Synchronization of all pre~coders and Trellis Coders in all modulators, known collectively as just Trellis Coders is achieved by using core element Deterministic Trellis Reset (DTR) in a sequential fashion over the first 4 data segments in a Frame. The cross layer mapping applied in VFIP has 12 byte positions reserved for the DTR operation to synchronize all trellis coders in all modulators in a SFN. The emission time of the coherent symbols from all SFN transmitters is synchronized by the insertion of time stamps into the VFIP. These time stamps are referenced to the universally available temporal reference of the 1 Pulse per Second (IPPS) signal from a GPS receiver.

Figure 76 shows an SFN with an emission multiplexer generating and sending a VFIP to each transmitter in the SFN over a distribution network.
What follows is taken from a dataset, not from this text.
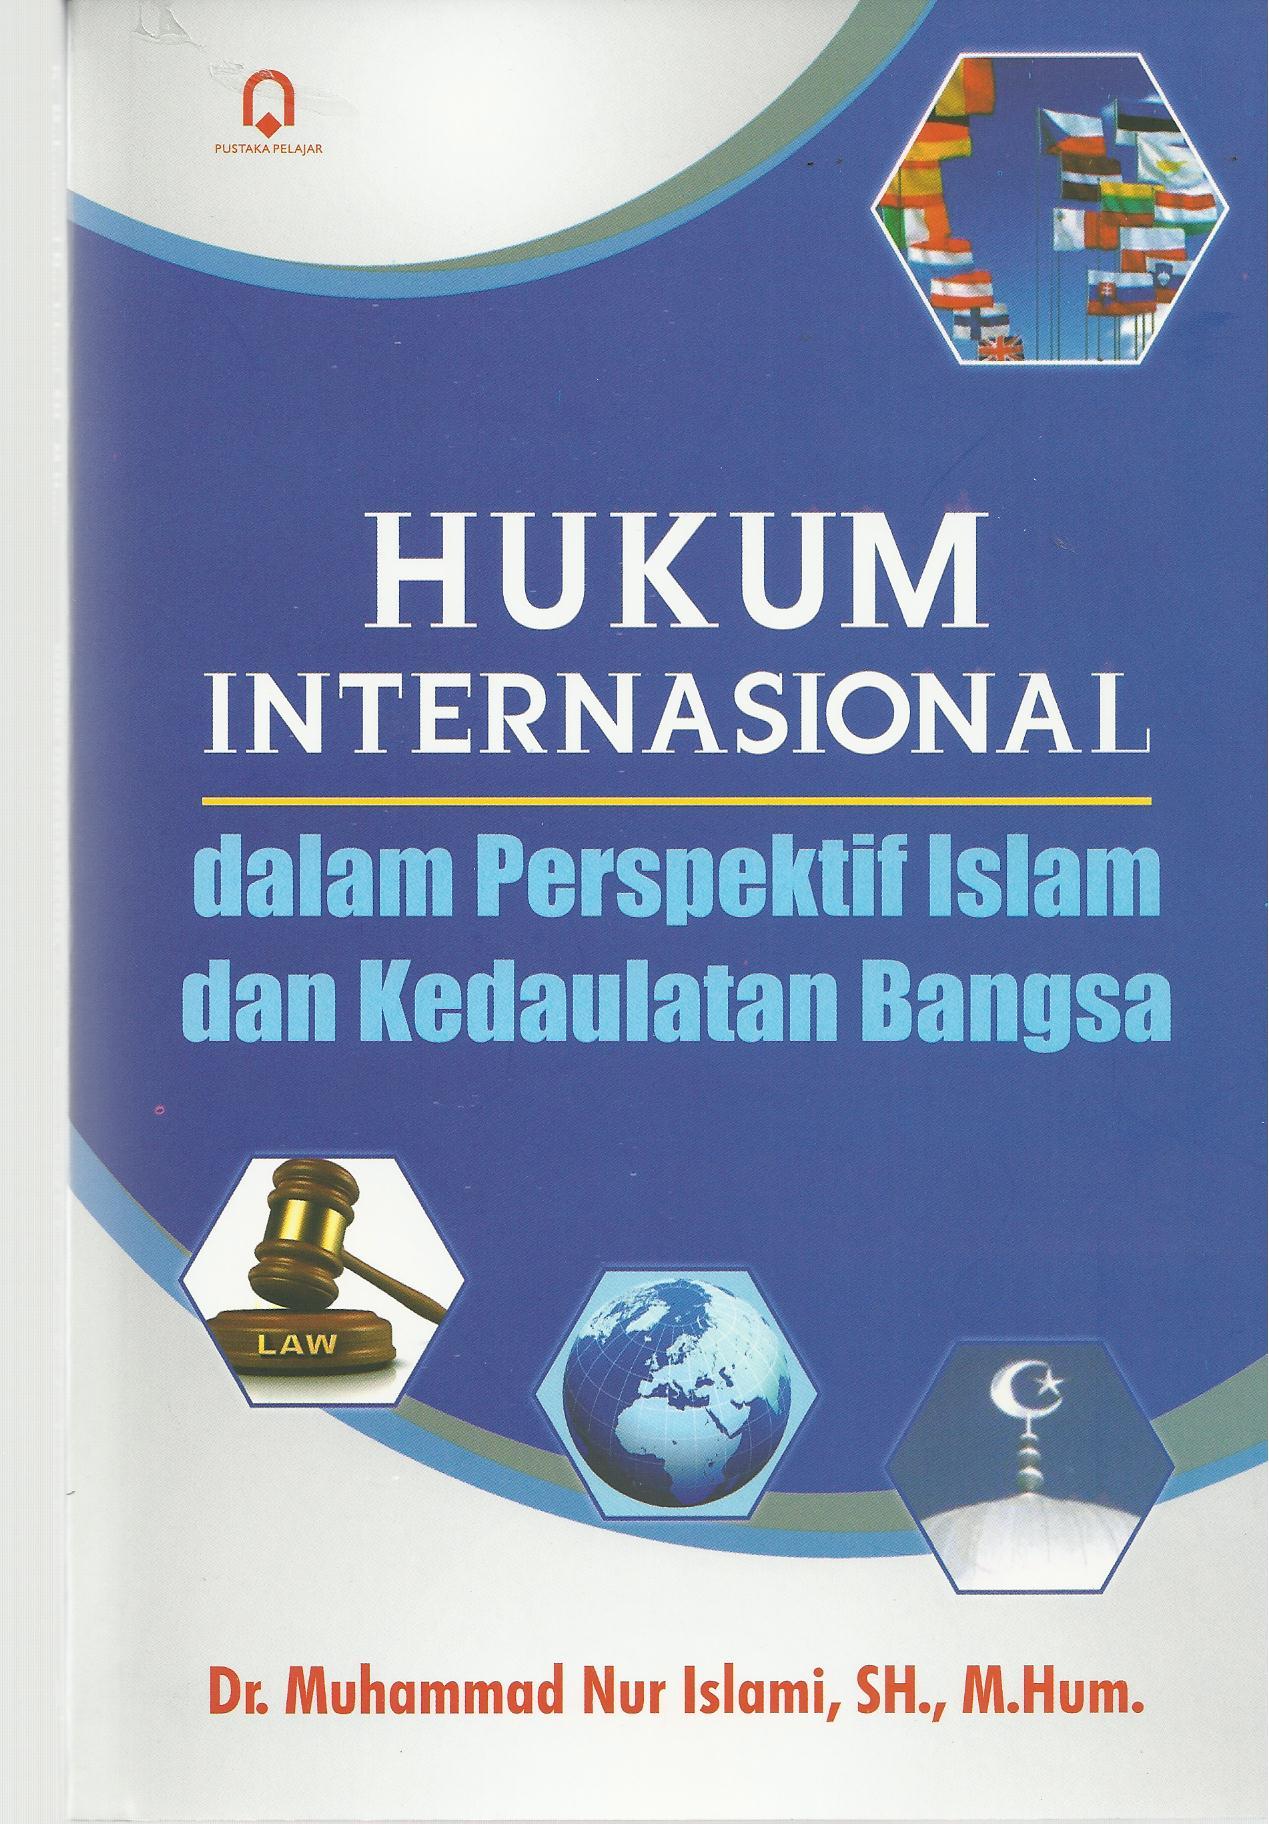 Hukum Internasional Dalam Perspektif Islam Dan Kedaulatan Bangsa

This VFIP contains the needed syntax to create all the functionality needed for an A- VSB SFN, as described above.

6.8.2 Encoding Process (Informative)

A brief overview is presented next of how the core element DF is used to synchronize all the VSB frames and how DTR is used to synchronize all the Trellis Coders in all modulators in a SFN. Then a discussion of how the emission timing is achieved to control the delay spread seen by a receiver, this will be illustrated using a SFN timing diagram.

6.8.2.1 DF (Frame Synchronization, DTR (Trellis Coders Synchronization)

The VFIP is generated in the emission multiplexer or VFIP Inserter (A VFIP Inserter is used to create VFIP if a station wishes SFN only. If Turbo and SRS and SFN is required the VFIP functionality would reside in the Emission Multiplexer ) and inserted as the last (624th) packet of the last VSB frame of a Super Frame exactly once every 12,480 TS packets. The insertion cadence is determined by a counter in the emission multiplexer locked to ATSC System Time. All modulators initialize or start a VSB Frame by inserting a DFS with no middle PN 63 inversion after the last bit of VFIP. This action will synchronize all VSB frames in all modulators in a SFN. This is shown in Figure77.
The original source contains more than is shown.